● WHAT YOU WILL DO
Skipping any pictures, repeat exactly and only the lines from the one that holds "Cantigny Park Ice SkatingRink" to the last line of the material, both included.

● COLLECTED DATA
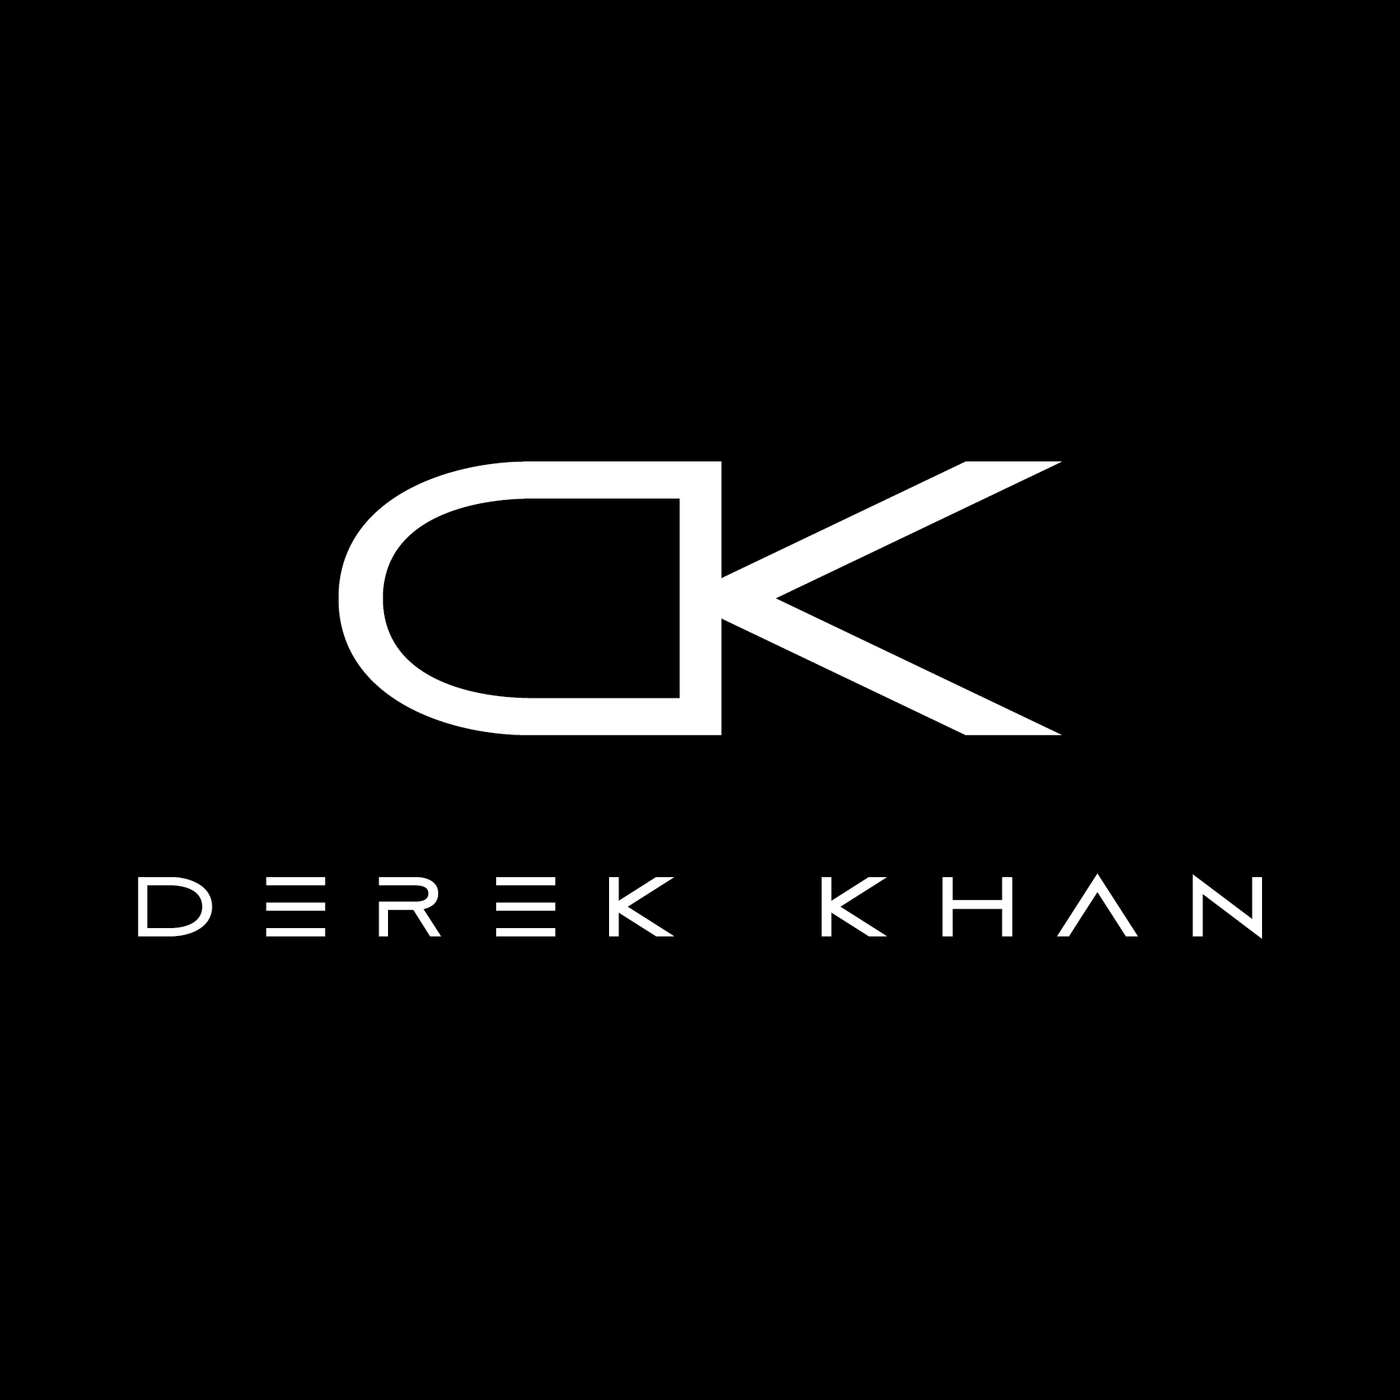 Derek Logo - Derek Khan Logo/Website Design by Ping-Yi (Benny) Lu at Coroflot.com
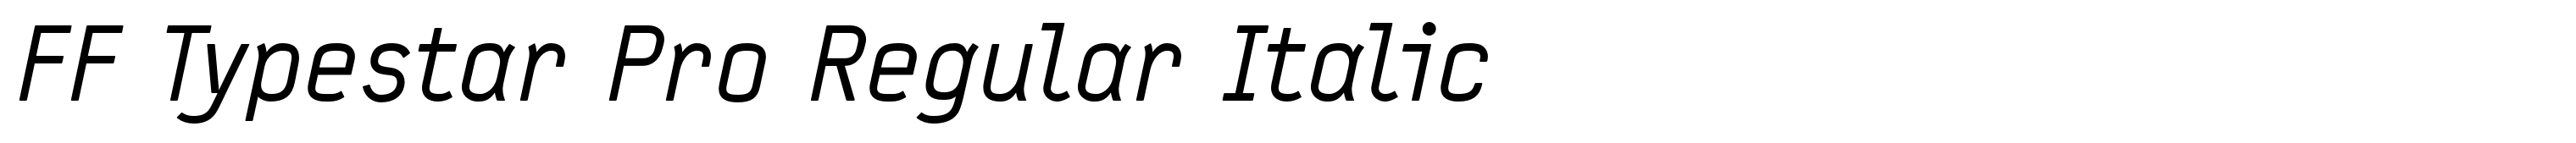 FF Typestar Pro Regular Italic
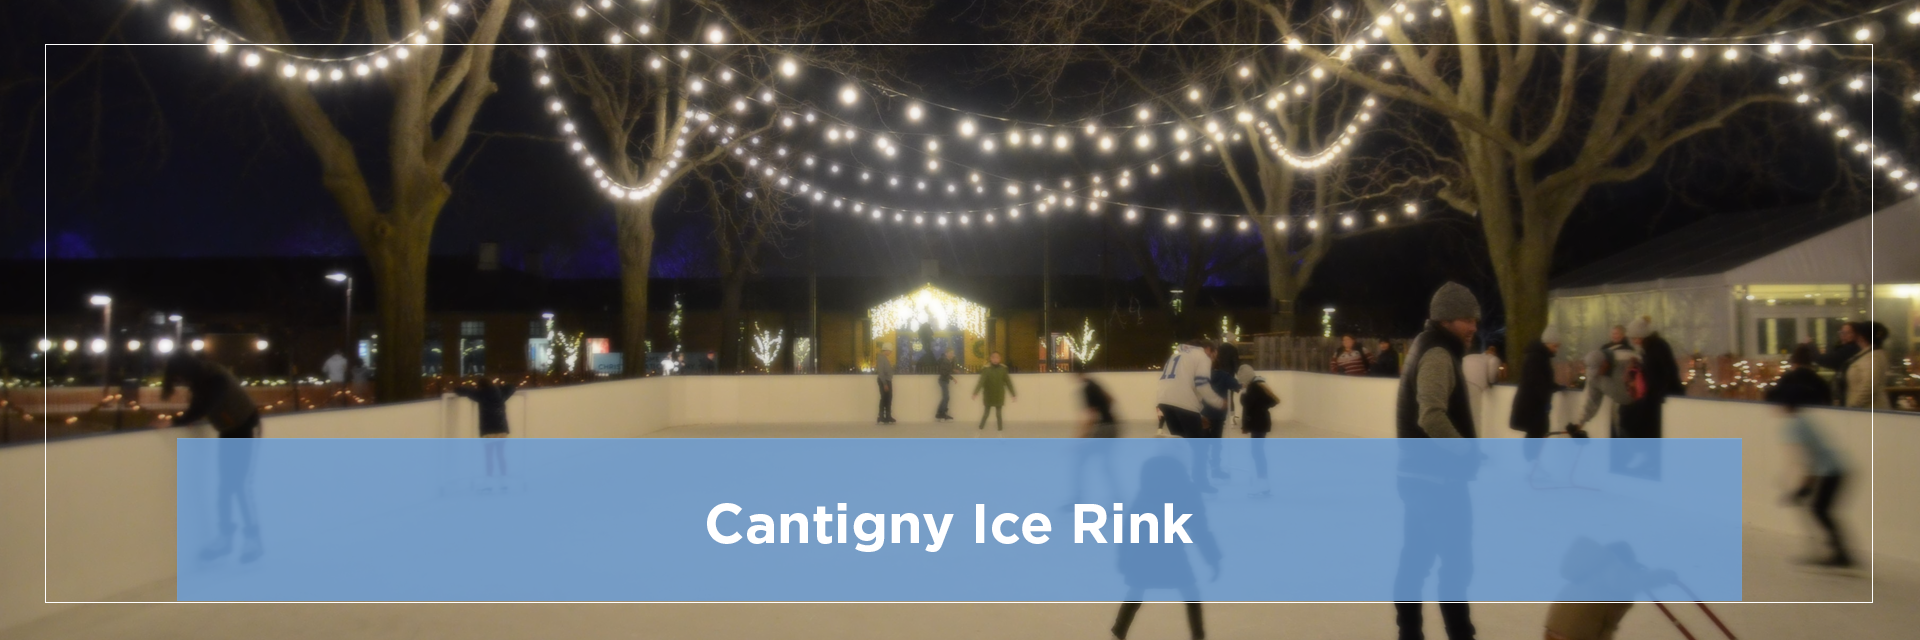 Cantigny Park Ice SkatingRink
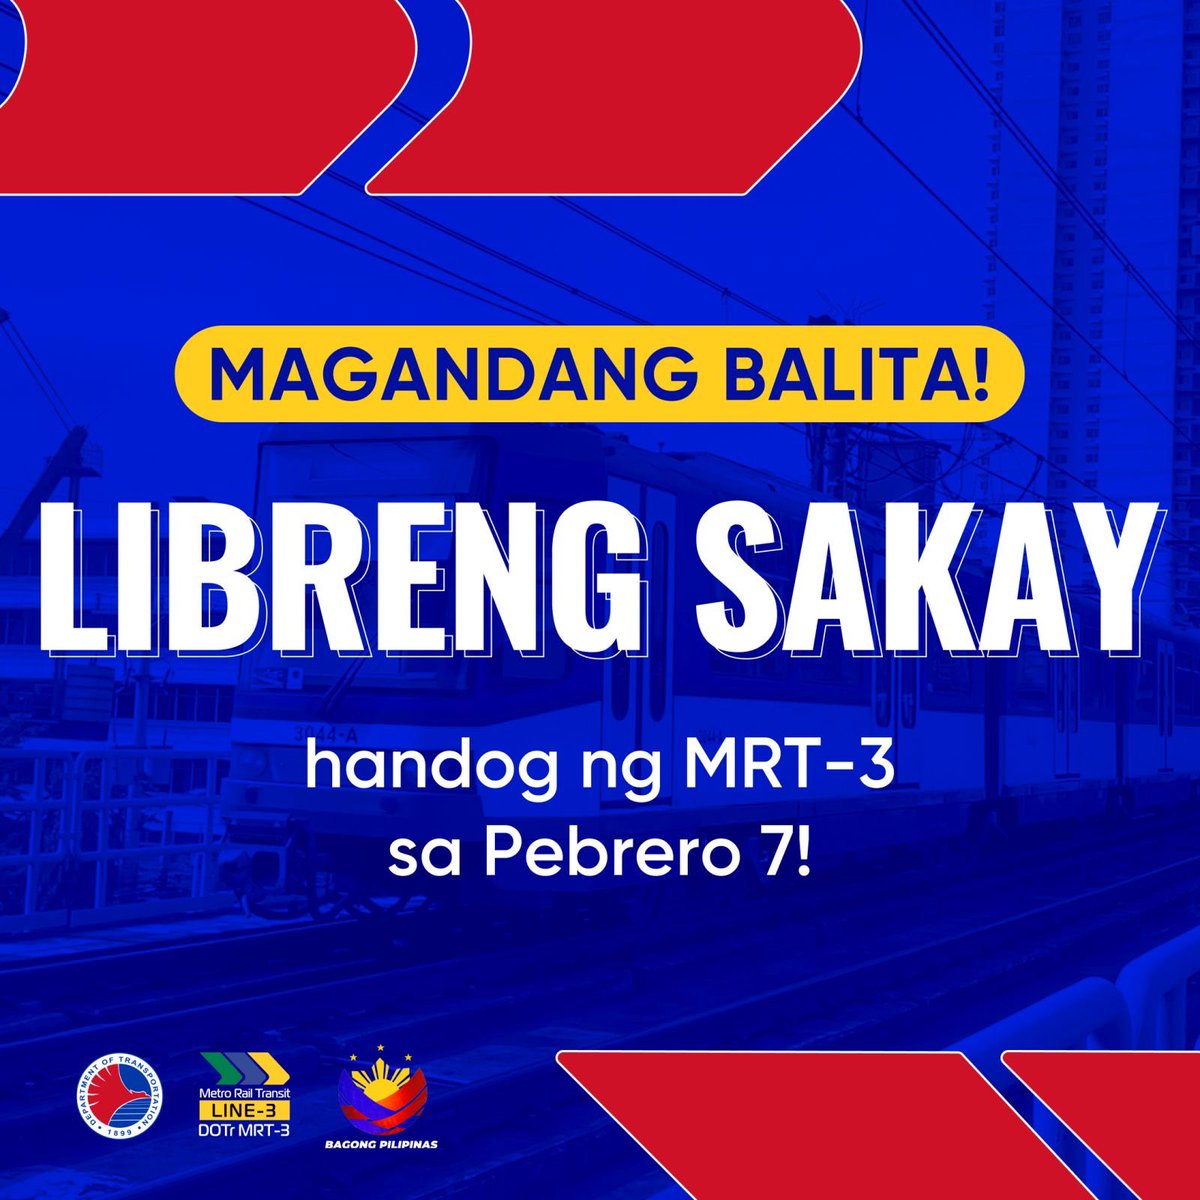 𝐌𝐀𝐆𝐀𝐍𝐃𝐀𝐍𝐆 𝐁𝐀𝐋𝐈𝐓𝐀! 𝐌𝐑𝐓-𝟑, 𝐦𝐚𝐲 𝐡𝐚𝐧𝐝𝐨𝐠 𝐧𝐚 𝐋𝐈𝐁𝐑𝐄𝐍𝐆 𝐒𝐀𝐊𝐀𝐘 𝐧𝐠𝐚𝐲𝐨𝐧𝐠 𝐚𝐫𝐚𝐰 𝐩𝐚𝐫𝐚 𝐬𝐚 𝐚𝐧𝐢𝐛𝐞𝐫𝐬𝐚𝐫𝐲𝐨 𝐧𝐠 𝐃𝐎𝐓𝐫 BASAHIN: facebook.com/share/p/rRkXb5… #DOTrPH 🇵🇭 #SulongMRT3 #BagongPilipinas #RailwaysAtYourService

● PROBLEM SOLUTION
 Cantigny Park Ice SkatingRink
 𝐌𝐀𝐆𝐀𝐍𝐃𝐀𝐍𝐆 𝐁𝐀𝐋𝐈𝐓𝐀! 𝐌𝐑𝐓-𝟑, 𝐦𝐚𝐲 𝐡𝐚𝐧𝐝𝐨𝐠 𝐧𝐚 𝐋𝐈𝐁𝐑𝐄𝐍𝐆 𝐒𝐀𝐊𝐀𝐘 𝐧𝐠𝐚𝐲𝐨𝐧𝐠 𝐚𝐫𝐚𝐰 𝐩𝐚𝐫𝐚 𝐬𝐚 𝐚𝐧𝐢𝐛𝐞𝐫𝐬𝐚𝐫𝐲𝐨 𝐧𝐠 𝐃𝐎𝐓𝐫 BASAHIN: facebook.com/share/p/rRkXb5… #DOTrPH 🇵🇭 #SulongMRT3 #BagongPilipinas #RailwaysAtYourService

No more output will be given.